**WHAT TO PRODUCE**: Copy out the lines beginning with the one that contains "Dr Morepen ST 03 Dual Head Stethoscope" and ending with the last line below, exactly as they stand. Pictures are not copied.

=== SOURCE MATERIAL ===

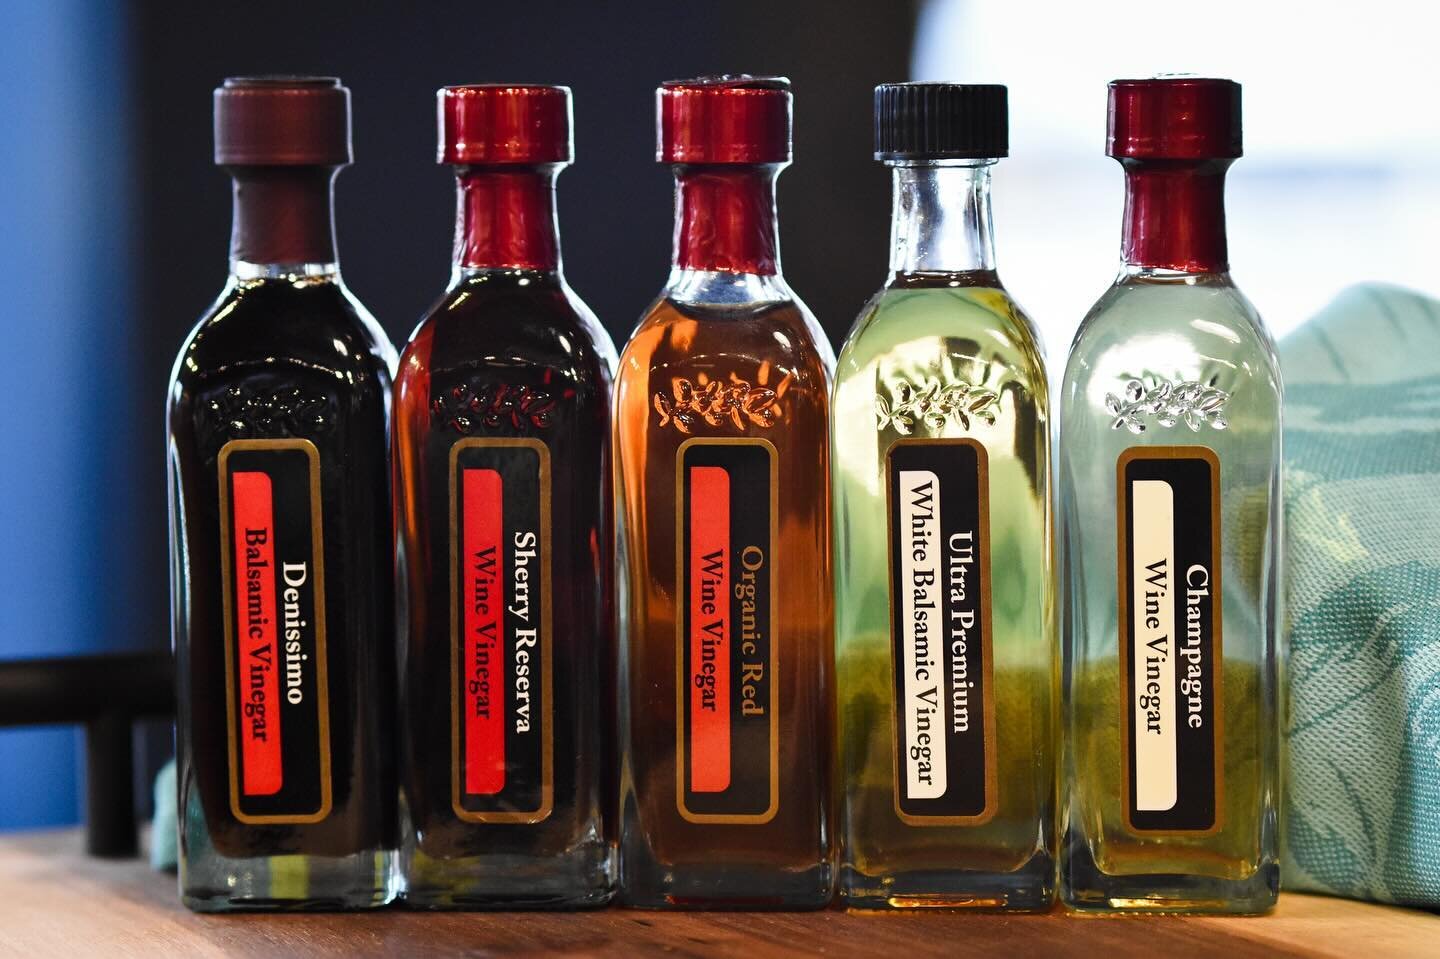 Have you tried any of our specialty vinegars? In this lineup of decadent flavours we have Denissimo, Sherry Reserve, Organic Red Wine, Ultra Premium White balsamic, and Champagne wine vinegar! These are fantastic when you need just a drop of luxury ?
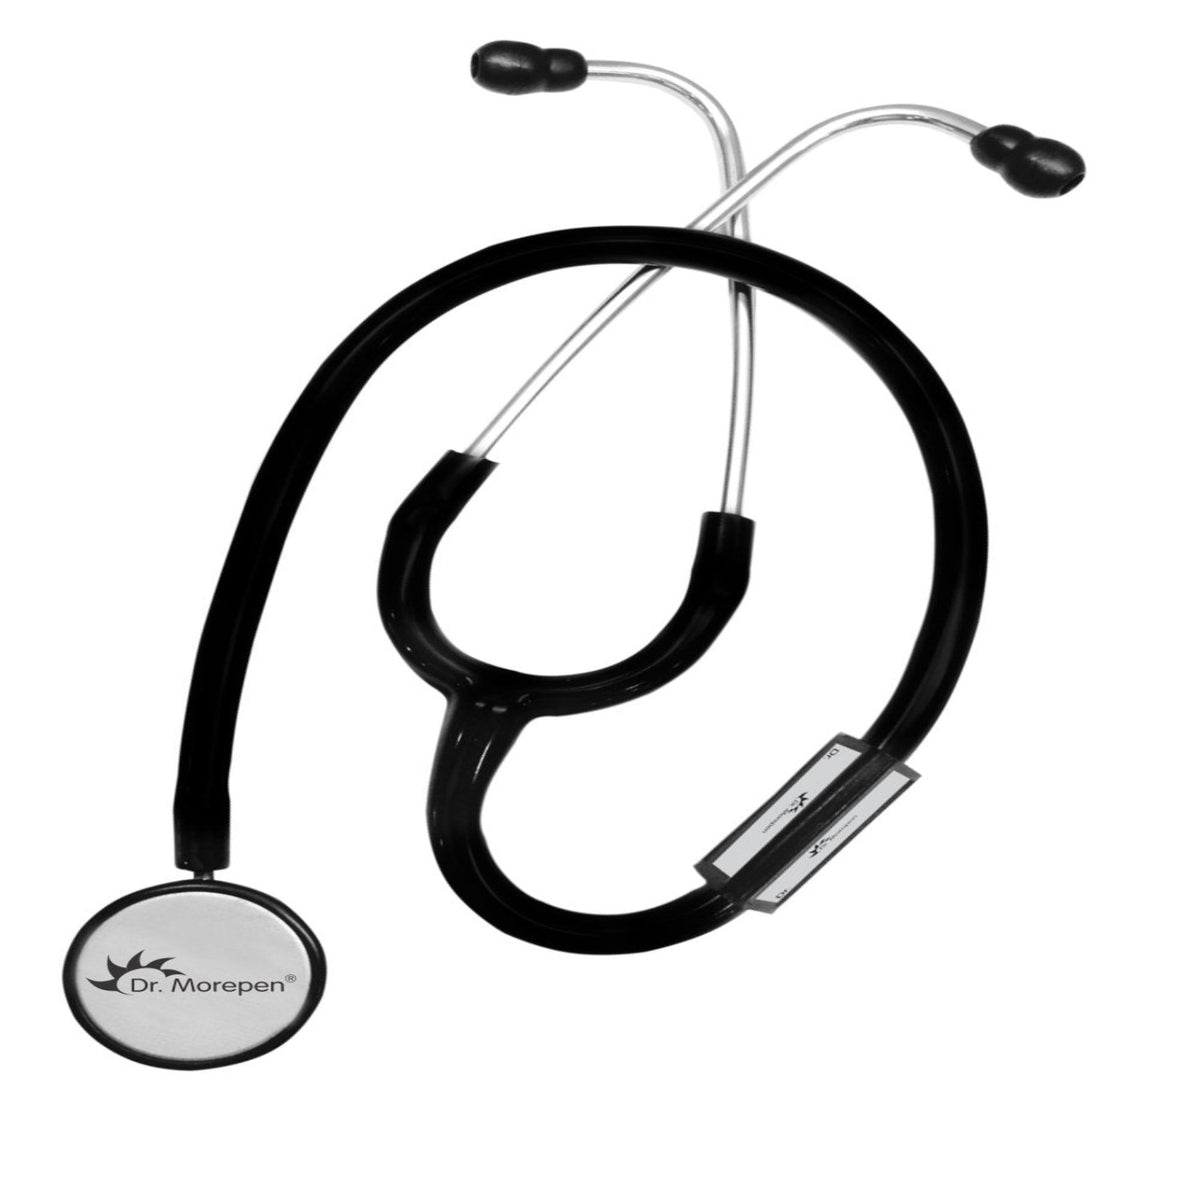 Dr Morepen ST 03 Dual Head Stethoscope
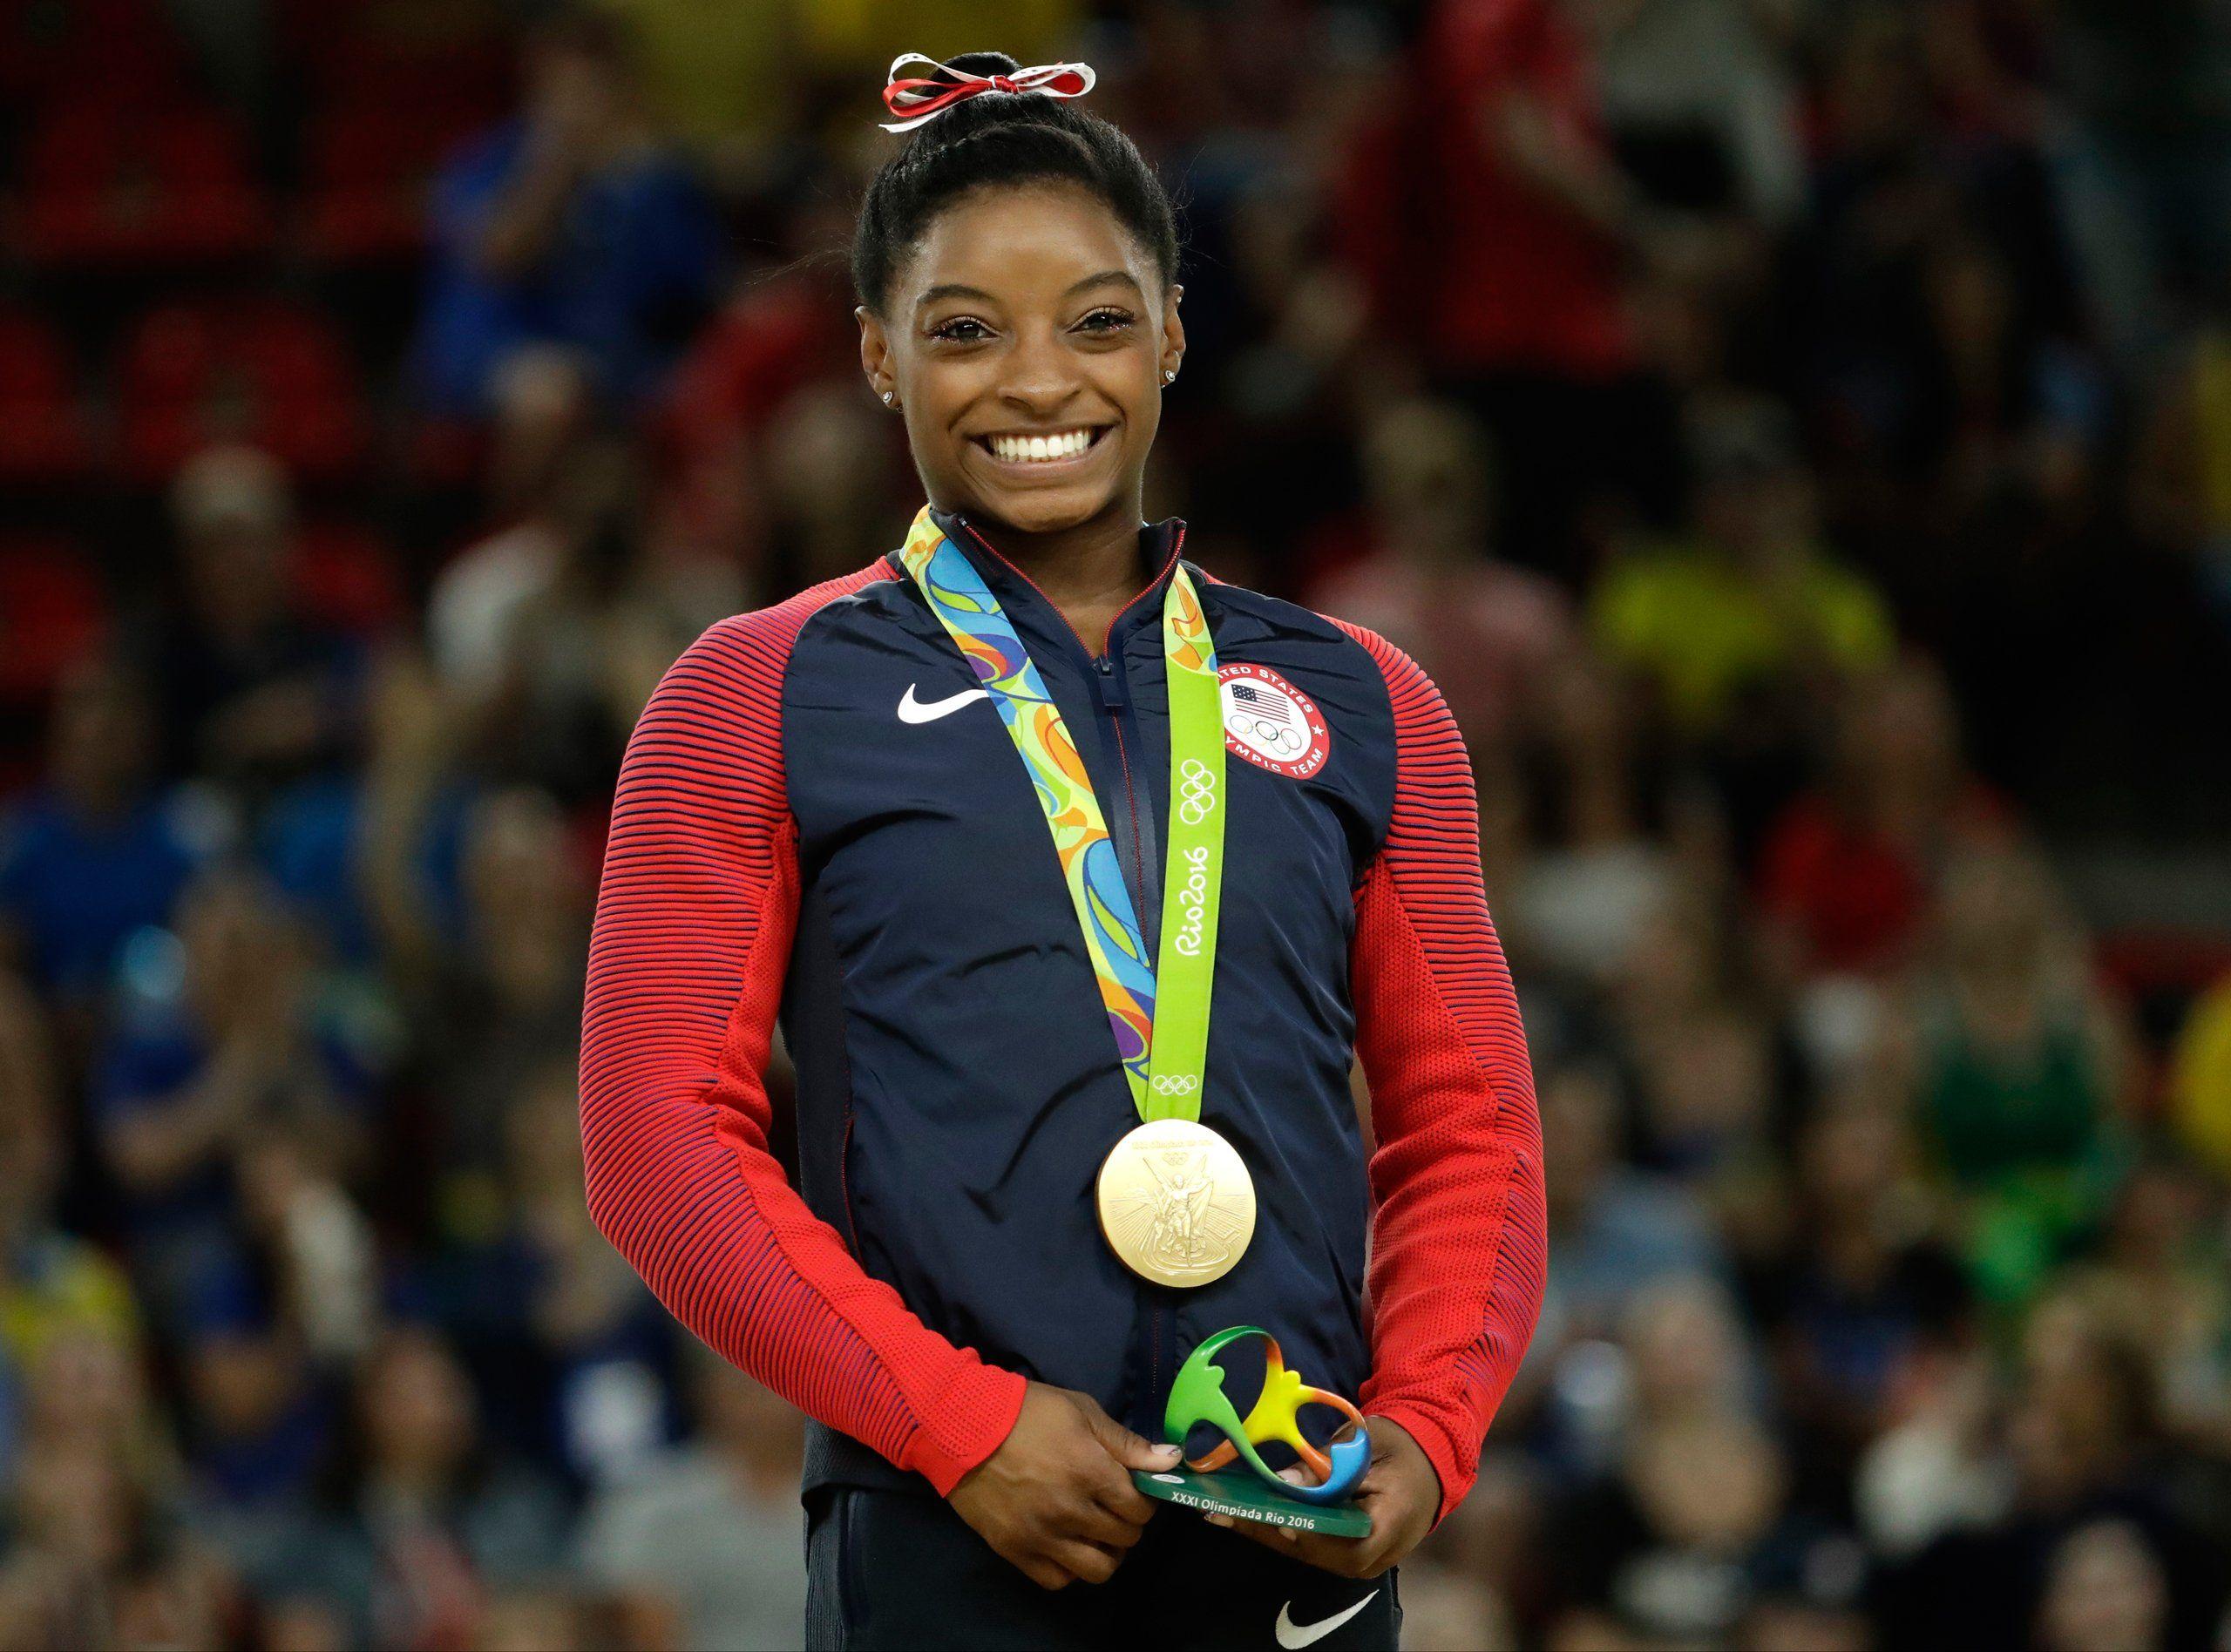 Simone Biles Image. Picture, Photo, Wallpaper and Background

===

**ANSWER**:
 Dr Morepen ST 03 Dual Head Stethoscope
 Simone Biles Image. Picture, Photo, Wallpaper and Background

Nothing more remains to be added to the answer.